DOT requires amber reflectors from the side. If you've removed them, then that in itself is a potential ticket. However, if you have amber bulbs in there, I highly doubt you'll ever get ticketted for it because during the day, you will have an amber color in the housing, just like ones with the reflector.

Now, I would caution on the white bulbs for signals. Those probably will get you a ticket. But what's worse is that people aren't accustomed to blinking white lights, only blinking red or amber, so that mod may make you more prone to get into an accident, especially during the day.

Now what I would do is put in amber LED bulbs if available. They'll be completely clear when the light is off, but when they are on, it's a sharp on and off that can be noticably different, yet familiar.
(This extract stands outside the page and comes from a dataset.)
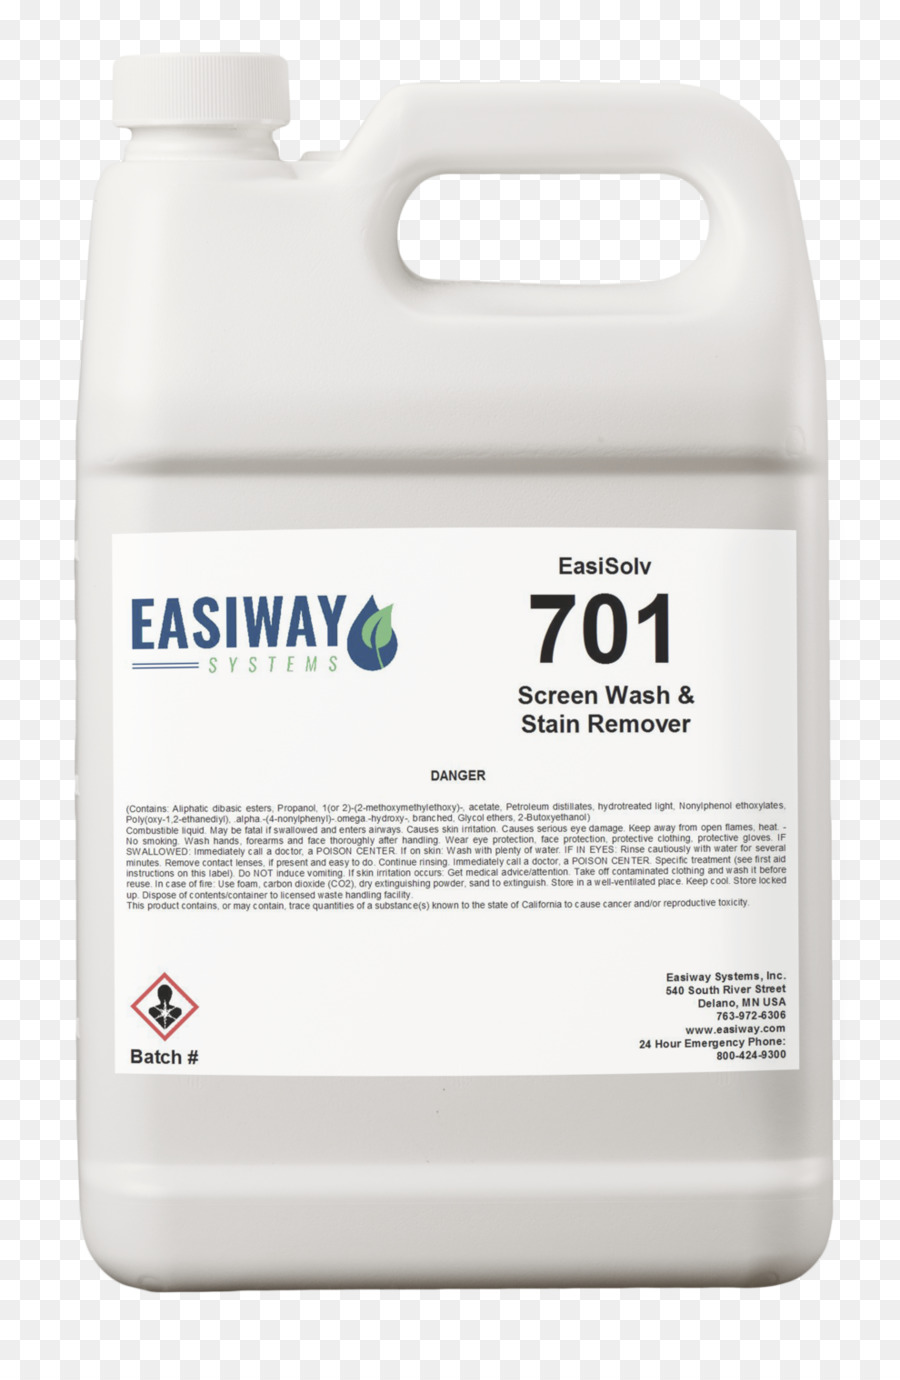 Easiway Systems, Inc Waschen Fahrzeug-Bildschirm Waschen Printing press-Plastisol - Wasch tank

Another route is the bulbs that look clear or blue, but are amber when they turn on.

Are these different turn signals than you had before? Or just the same ones with different bulbs. I haven't looked closely at your car in a while. You should've pointed it out to me the last time I was over.

I've recently replaced my oem corner and bumper lights with aftermarket "clear" lights. They do have a DOT and a number on them (possible fake certification maybe?) Are you sure that DOT requires amber reflectors?

The LED bulbs is a good idea but since the corners have a translucent reflector that covers the amber bulb, it's really not that visible anyway.

I have the amber bulbs in there right now. I guess it will be safer sticking with them.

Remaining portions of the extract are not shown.